An irregular verb is an action word that does not follow regular conjugation rules so that it has a peculiar past tense, for example, words such as sing/sang/sung and go/went/gone, whereas regular verbs are simply modified by adding -ed to the infinitive to create the simple past and past participle forms; for example, talk/talked/talked. Interestingly, the team mentions that new verbs entering the English language universally follow regular conjugation rules; for instance, google/googled/googled.

Curiously, even though less than 3% of all English verbs are irregular, the ten most commonly used verbs are irregular (see table at right for a representative sampling of irregular verbs in the study). Thus, there is a heavy bias towards irregular verbs maintaining their "irregularities" when they are used often, whereas infrequently used irregular verbs are regularized by adding -ed to the infinitive. It is unclear why the -ed rule emerged as dominant over the other seven (at least) classes of irregular verbs, but it probably is because other rules, and their unusual conjugations, are otherwise easy to forget.

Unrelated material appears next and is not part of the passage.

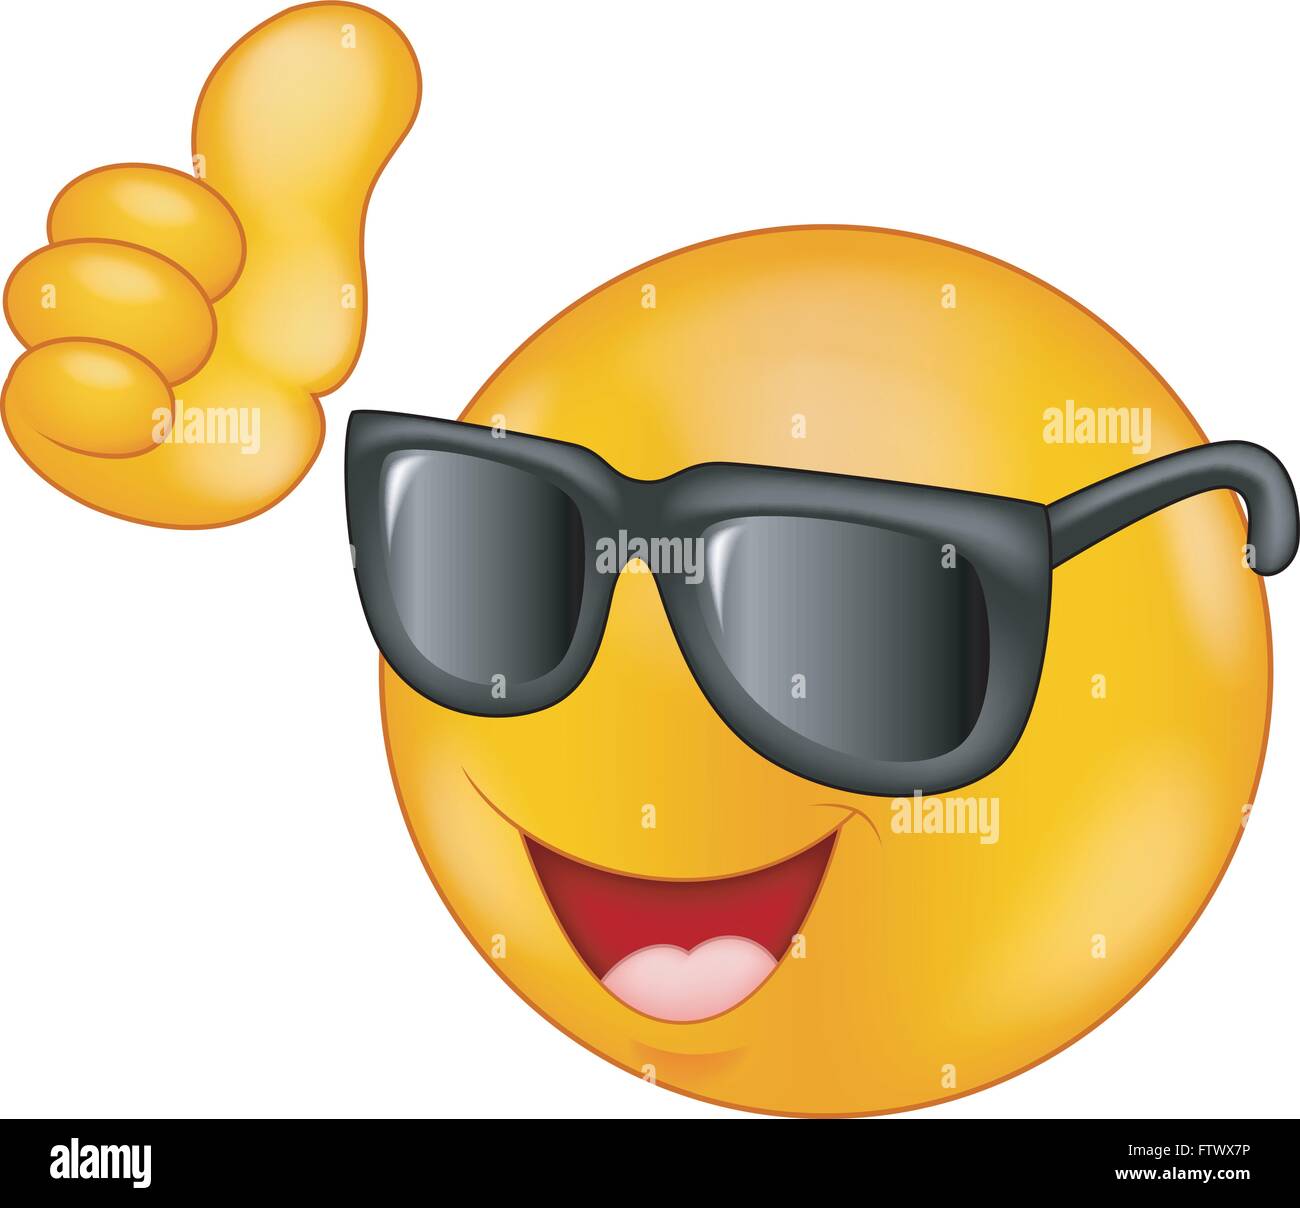 Smiling Smiley mit Sonnenbrille, Daumen hoch Stock-Vektorgrafik - Alamy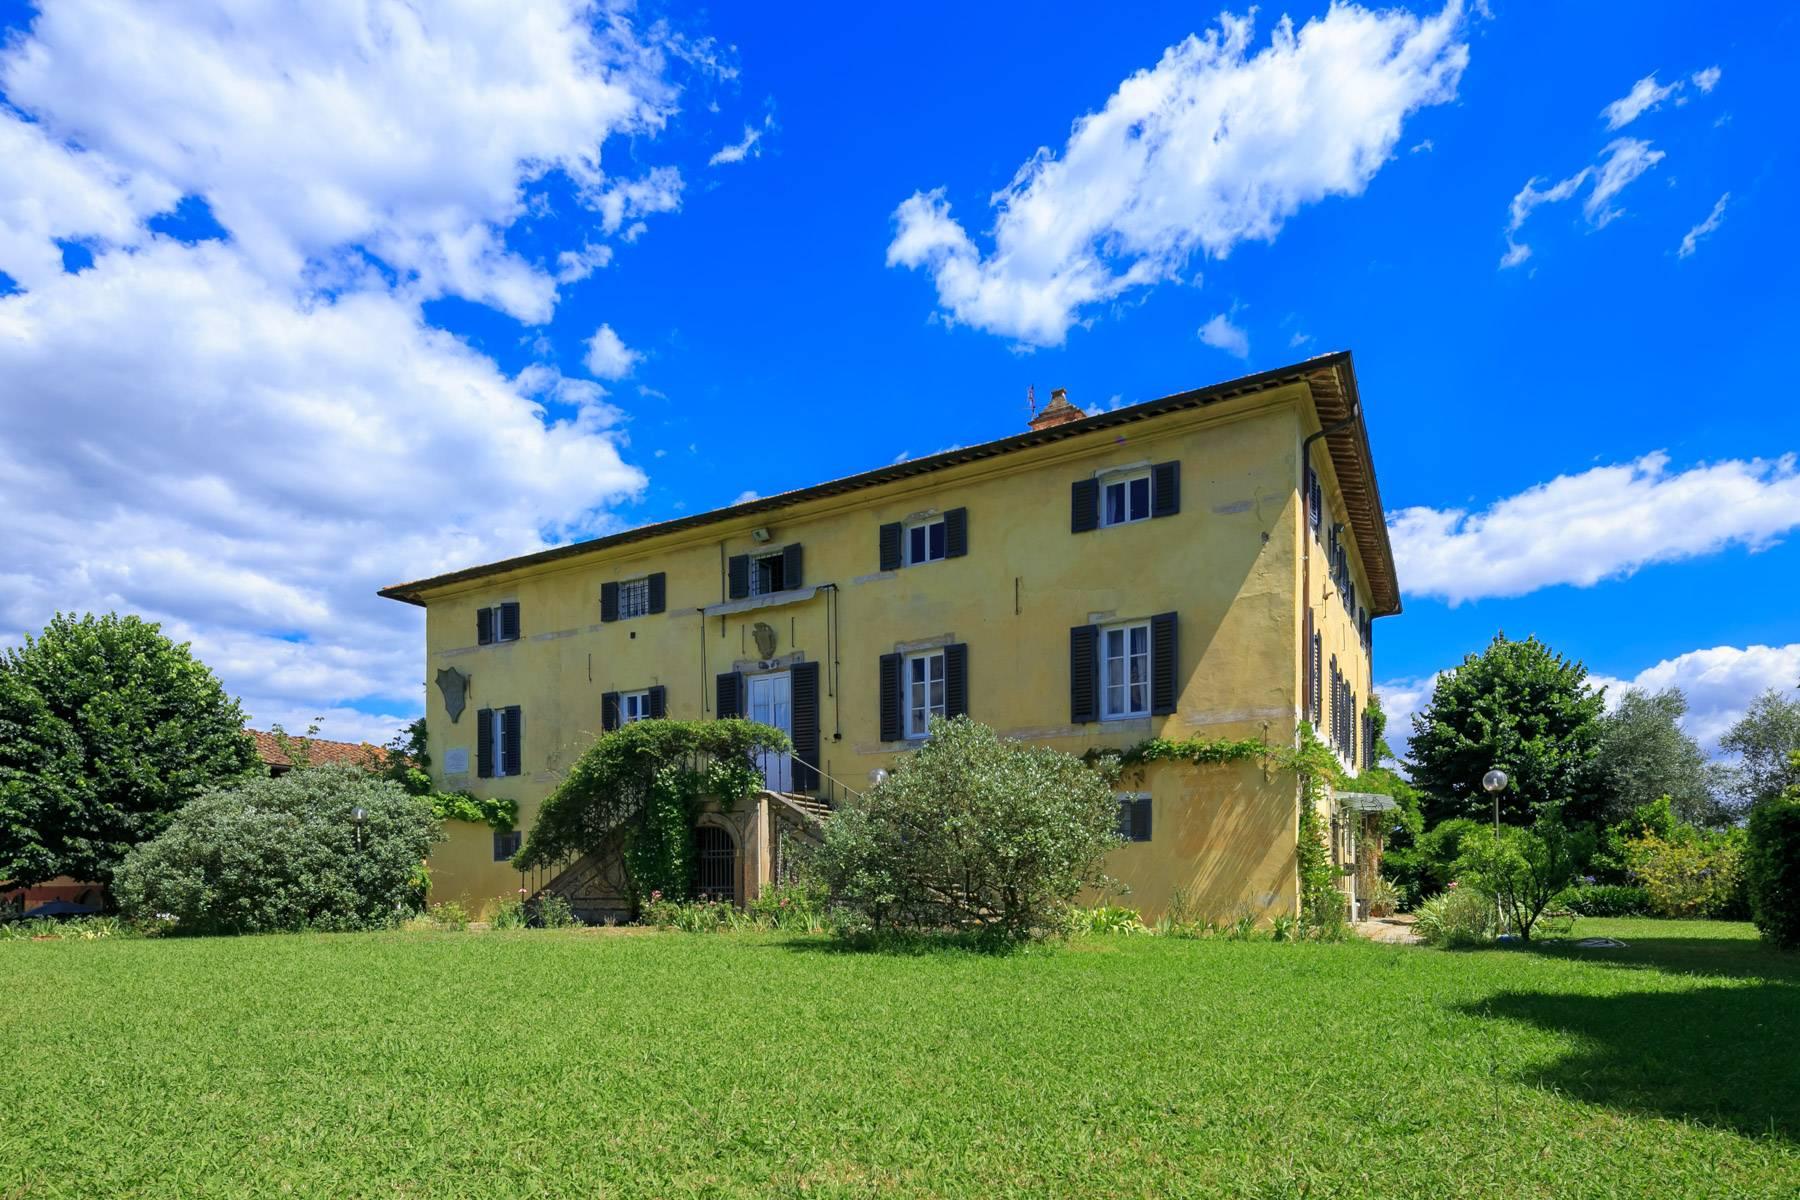 Wunderschönes Bauernhaus aus 1700 auf den Hügeln von Lucca - 19

To study evolution of irregular verbs, Lieberman and Michel's team first identified 177 irregular English verbs, then they used the English language CELEX corpus, a lexical and textual database containing 17.9 million words, primarily from American and British English text sources. CELEX determines the frequency of use for any given word within the database. Using these data, the team calculated the frequency at which the 177 irregular verbs became "regularized" over time, and compared that to their frequency of use (figure 1a, below);

By leaving out frequency data for the most commonly used irregular verbs (be, have, come, do, find, get, give, go, know, say, see, take, think), which are most resistant to change, Lieberman and Michel's group found that the least frequently used irregular verbs changed, or regularized, fastest. In fact, there was a mathematical relationship that described this rate of change such that those verbs that were used 100 times less frequently evolved 10 times faster (figure 1b, above). Thus, the team used this mathematical relationship to predict the half-life for regularization for other irregular verbs (see table 1, above). According to their hypothesis, only 83 of the original 177 irregular verbs will retain their unusual conjugations by 2500.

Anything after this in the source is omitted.